4. What You Work With

  • Tools in active use
  • Platforms confirmed
  • Services they pay for

5. Life Signals

  • Travel patterns
  • Lifestyle indicators
  • Interests detected

Closing

End with what this enables:

"I'll use all of this to personalize how I help you. When you ask me to draft an email, I'll match your voice. When you mention a contact, I'll know the context.
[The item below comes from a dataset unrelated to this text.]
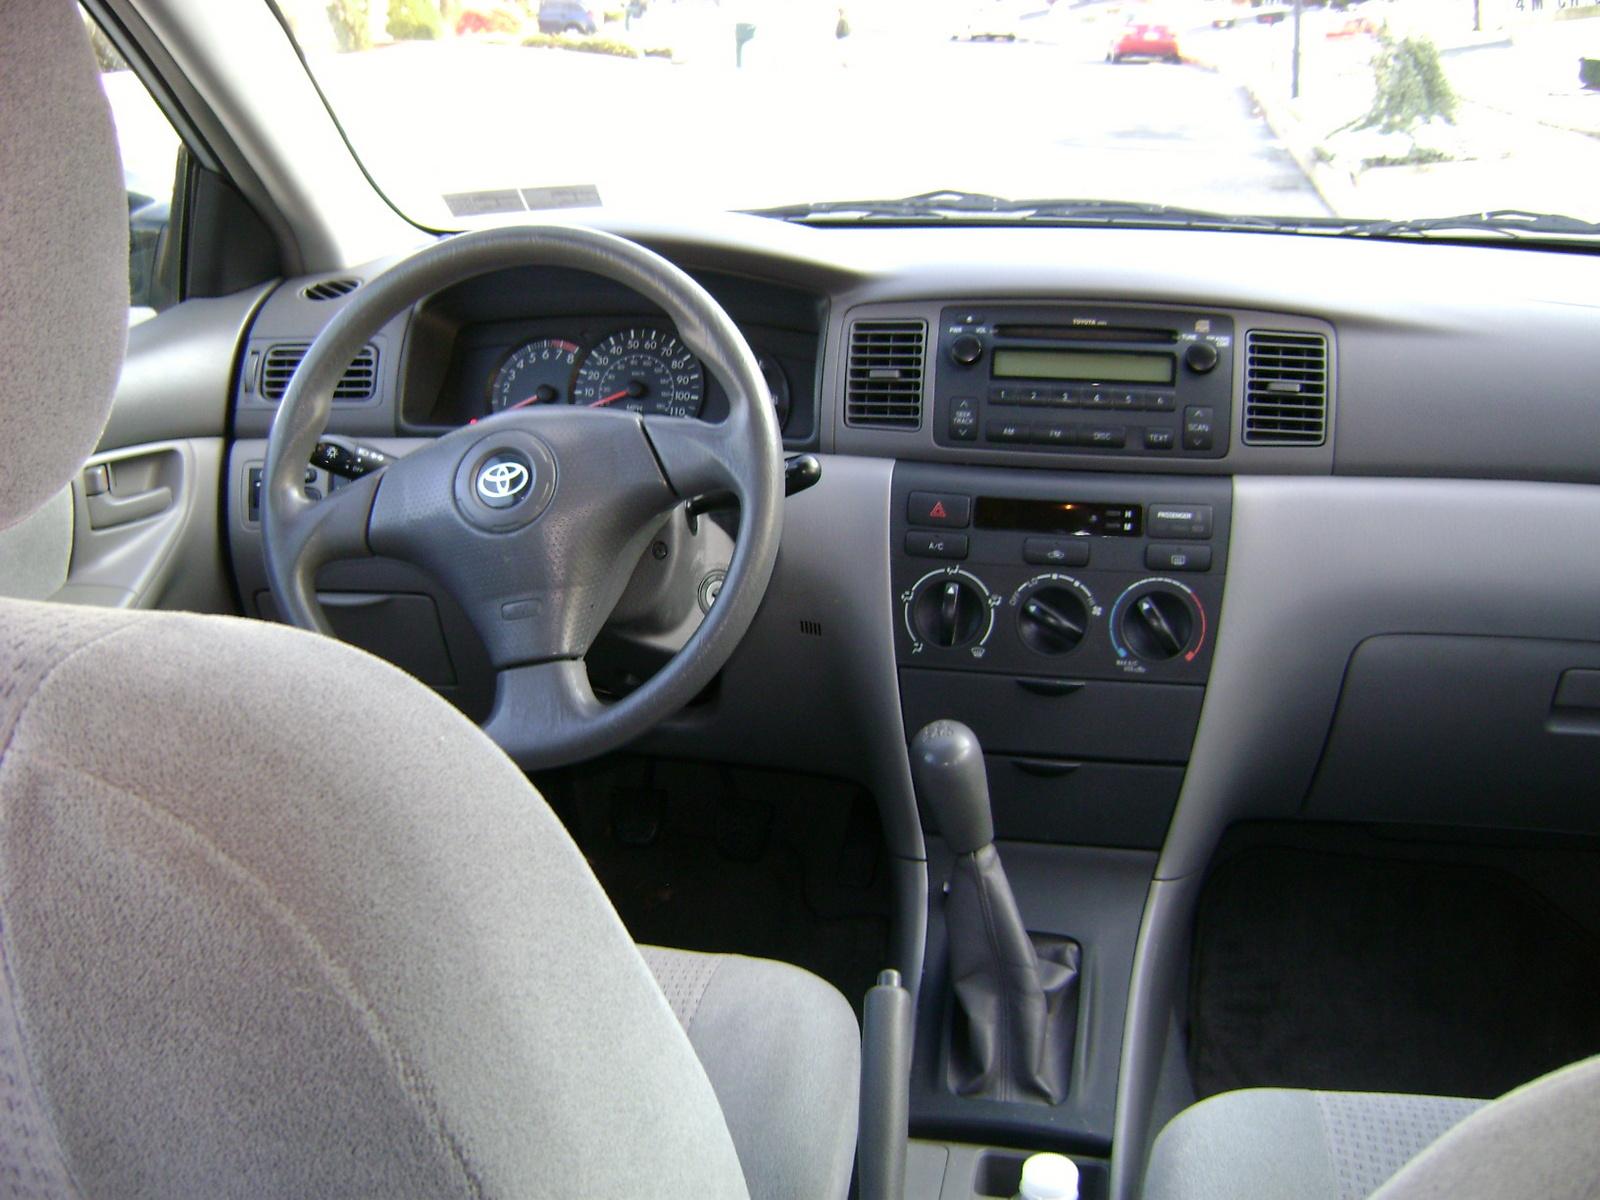 2008 Toyota Corolla Interior Pictures Cargurus

When you need something, I'll understand where you're coming from."

Wow Moment Techniques

The "I Noticed" Pattern

Frame discoveries as observations:

  • "I noticed you travel a lot—there are flight confirmations from 6 different trips this year."
  • "I noticed your Acme colleagues are your most active cluster—but there's a BigCorp group you still stay in touch with."

The "Interesting..." Pattern

For surprising findings:

  • "Interesting: your most consistent contact over 2 years isn't someone you've emailed recently."
  • "Interesting: Tuesday is your heaviest email day by far."

The "You Might Not Know" Pattern

For insights the user hasn't consciously noticed:

  • "You might not realize, but you're much more of an initiator than a responder—you start 65% of your email threads."
  • "You might not have noticed that you haven't emailed [dormant contact] in 8 months, even though you exchanged 40 emails over a year."

What NOT to Say

Don't Be Creepy

  • Don't list every category discovered ("I found your banking, health insurance, legal correspondence...")
  • Don't quote specific email content unless directly relevant
  • Don't speculate about personal matters ("It looks like you might be going through...")

Don't Overwhelm

  • Don't list every contact
  • Don't enumerate every discovery category
  • Don't present every behavioral metric

Don't Judge

  • Don't comment on email volume as "too much" or "too little"
  • Don't judge timing patterns as unhealthy
  • Don't make assumptions about what patterns mean

Handling Sensitive Discoveries

If You Found Health-Related Emails

Don't mention unless clearly relevant. If you must:
"I also noticed some healthcare provider communications—I won't share details, but I've noted your providers in case that's useful for scheduling."

If You Found Legal/Financial Issues

Keep it general:
"Your financial picture spans a few different institutions and services."
NOT: "I see you have a mortgage, two credit cards, and a Coinbase account with recent transactions."

If Timeline Shows Difficult Events

Be matter-of-fact, not sympathetic:
"It looks like you changed jobs in March 2024."
NOT: "I see you may have lost your job—that must have been hard."

If Dormant Contacts Might Be Estranged

Present without assumption:
"[Name] was in your top contacts but hasn't been active in 10 months."
NOT: "You seem to have lost touch with [Name]—want to reconnect?"

Sample Opening

"Here's what I learned about you from your inbox:

Your email life revolves around three worlds: your current team at Acme (12 people), lingering connections from BigCorp (8 people you've stayed in touch with), and a tight crew of friends who've been consistent for years.

Sarah Chen is your strongest email relationship—not because you email her most often, but because you've been consistently in touch for over 2 years with real back-and-forth conversations. You're a morning person who tends to start conversations rather than just respond, and you're active in about 15 different tools and services.

I also found some things that surprised me: you have 4 contacts who used to be important but have gone quiet—people worth reconnecting with. And your Tuesday email volume is 3x your Friday volume, which suggests you front-load your week.

All of this goes into how I understand you going forward."